It is side surface sectional drawing of a collection | recovery jig. It is the flowchart which showed the manufacturing procedure of the ring member. It is the figure which showed the investigation result of the metal impurity elution amount from a PTFE test piece. It is the figure which showed the investigation result of the metal impurity adsorption amount to the PTFE test piece surface. It is the figure which showed the metal impurity measurement result of the SiC substrate surface in an Example. It is the figure which showed the metal impurity measurement result of the SiC substrate surface in a comparative example. It is the figure which showed the metal impurity measurement result of the silicon substrate surface in an Example. It is the figure which showed the metal impurity measurement result of the silicon substrate surface vicinity in an Example. It is the figure which showed the metal impurity measurement result of the silicon substrate surface in a comparative example. It is the figure which showed the metal impurity measurement result of the silicon substrate surface vicinity in a comparative example. It is side surface sectional drawing of the collection | recovery jig | tool in a comparative example.

  Embodiments of the present invention will be described below with reference to the drawings. In the present embodiment, an example in which the present invention is applied to a case where metal impurities present on the surface of a semiconductor substrate are collected and analyzed by the same method as described in Patent Document 3 and Non-Patent Document 1 will be described. . FIG. 1 shows a side cross-sectional view of the recovery jig 1 of the present embodiment. FIG. 1 also illustrates a semiconductor substrate W (hereinafter also referred to as an analysis target substrate) that is set (fixed) on the recovery jig 1 and is an analysis target of metal impurities.

  The recovery jig 1 is configured similarly to the recovery jigs described in Patent Document 3 and Non-Patent Document 1, and includes a support tray 2 and a ring member 3. The support plate 2 and the ring member 3 are made of PTFE (polytetrafluoroethylene). The support tray 2 is formed in a bottomed cylindrical shape. Specifically, the support plate 2 has a circular and bottomed opening as viewed from above, and the opening is formed to have a diameter equal to or larger than the diameter of the analysis target substrate W. In FIG. 1, the opening is formed to have the same diameter as that of the analysis target substrate W. The bottom surface 21 in the opening is formed as a flat surface. Further, a screw portion is formed on the side surface 22 in the opening.

  The ring member 3 is formed in a ring shape (cylindrical shape). Specifically, the ring member 3 has an opening 34 (a hatched portion in FIG. 1) penetrating between the upper surface and the lower surface of the ring member 3. When the ring member 3 is installed as shown in FIG. 1, the size and position of the opening 34 are set such that a specific part of the surface of the analysis target substrate W where metal impurities are collected is exposed from the opening 34. Determined. In FIG. 1, most of the analysis target substrate W excluding the outer peripheral portion (the inner portion of the circle having a diameter slightly smaller than the diameter of the analysis target substrate W centered on the substrate center) is set as the specific portion.

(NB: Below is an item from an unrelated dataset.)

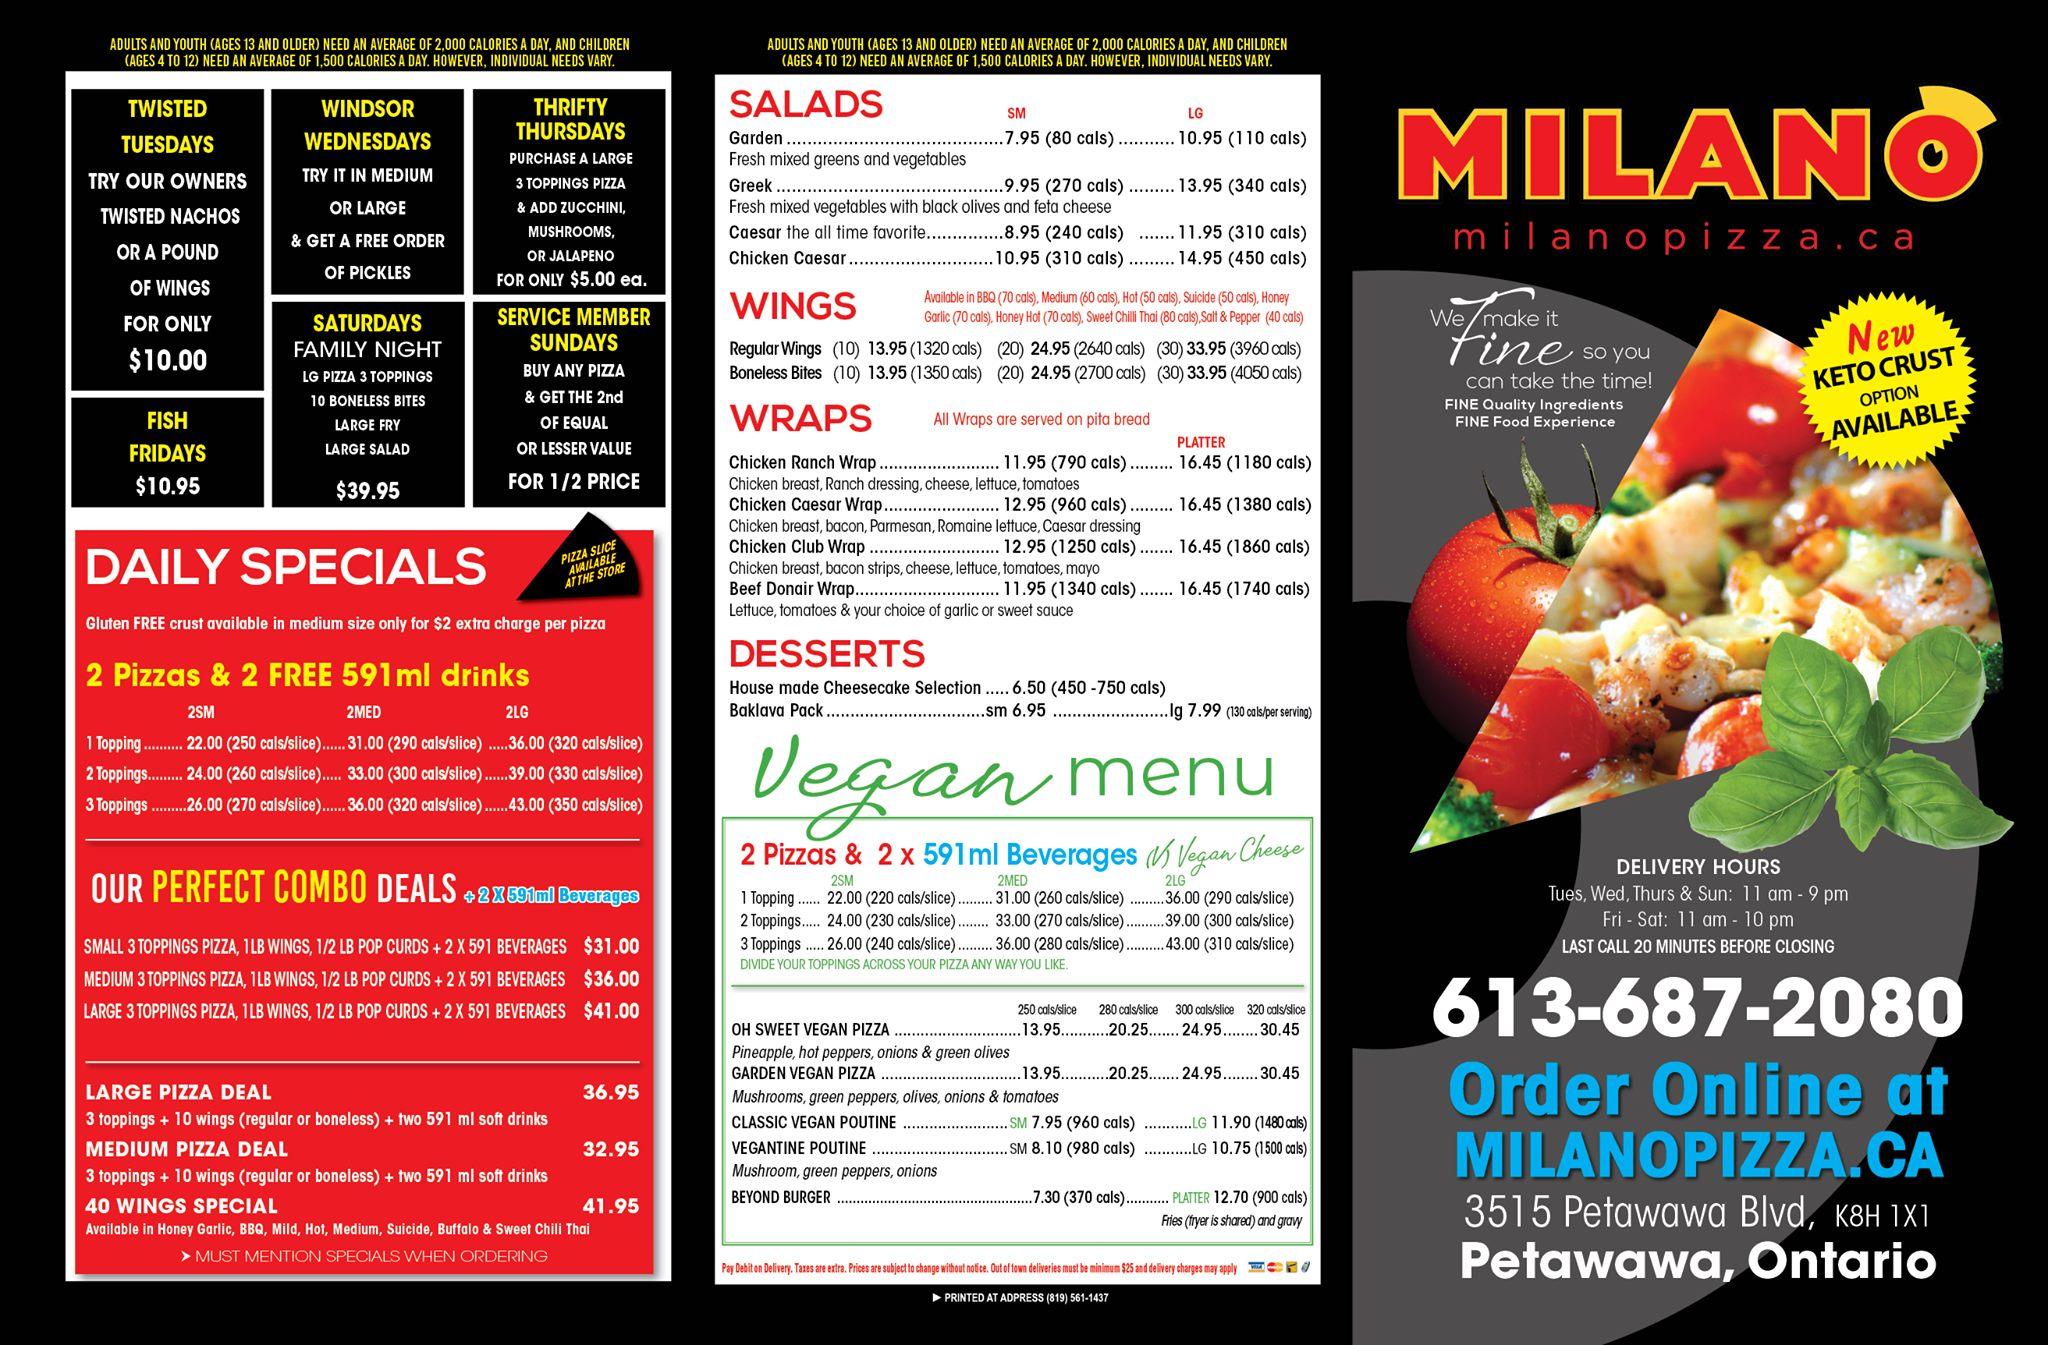 A menu detailing items in Milano's Pizzeria Petawawa

  Further, the inner surface of the opening 34 is subjected to surface melting processing and surface polishing by a manufacturing process described later. The inner surface has a surface roughness Ra (arithmetic mean roughness) of 200 nm or less.

  The ring member 3 has an insertion portion 31 that is formed to have the same outer diameter as the opening diameter of the support tray 2 and is inserted into the opening of the support tray 2. The outer peripheral surface 32 of the insertion portion 31 is formed with a screw portion that is screw-coupled with the screw portion 22 (side surface of the opening) of the support plate 2 when inserted into the opening of the support plate 2. Further, the ring member 3 has a large-diameter portion 33 having a diameter larger than the diameter of the insertion portion 31 so as to be connected to the upper end of the insertion portion 31.

  In addition, the ring member 3 corresponds to the collection | recovery instrument of this invention, the opening part 34 corresponds to a liquid-contact part, and the support plate 2 corresponds to a back surface side support member.

  The ring member 3 is manufactured according to the procedure shown in FIG. First, a PTFE molded product formed into a shape necessary for the ring member 3 (a shape having an opening 34) is prepared (S1). Specifically, for example, a PTFE raw material is pressure-fired to form a PTFE material having a shape that can be easily machined into the shape shown in FIG. 1, and the material is cut into the shape shown in FIG. (Machining). On the inner surface of the opening 34 in the obtained molded product (pressure-fired product), there are fine holes unique to the pressure-fired product. Further, since the inner surface of the opening 34 is a cutting surface, the surface processing roughness is large. In addition, the process of S1 corresponds to the preparation process of this invention.

  Next, surface melting processing is performed at 340 ° C. to 380 ° C. for the opening 34 of the molded product obtained in S1 (S2). Specifically, heat of 340 ° C. to 380 ° C. is applied to the inner surface of the opening 34 to melt the surface portion. The time for applying heat is, for example, within 30 minutes. By applying heat at 340 ° C. to 380 ° C., the inner surface can be melted, the viscosity of the inner surface at the time of melting can be made appropriate, and the expansion of air in the molded product can be suppressed. Further, by performing processing (smoothing) on the inner surface in the molten state, fine holes existing on the inner surface can be eliminated, and the surface roughness of the inner surface can be reduced. Note that step S2 corresponds to the melting step of the present invention.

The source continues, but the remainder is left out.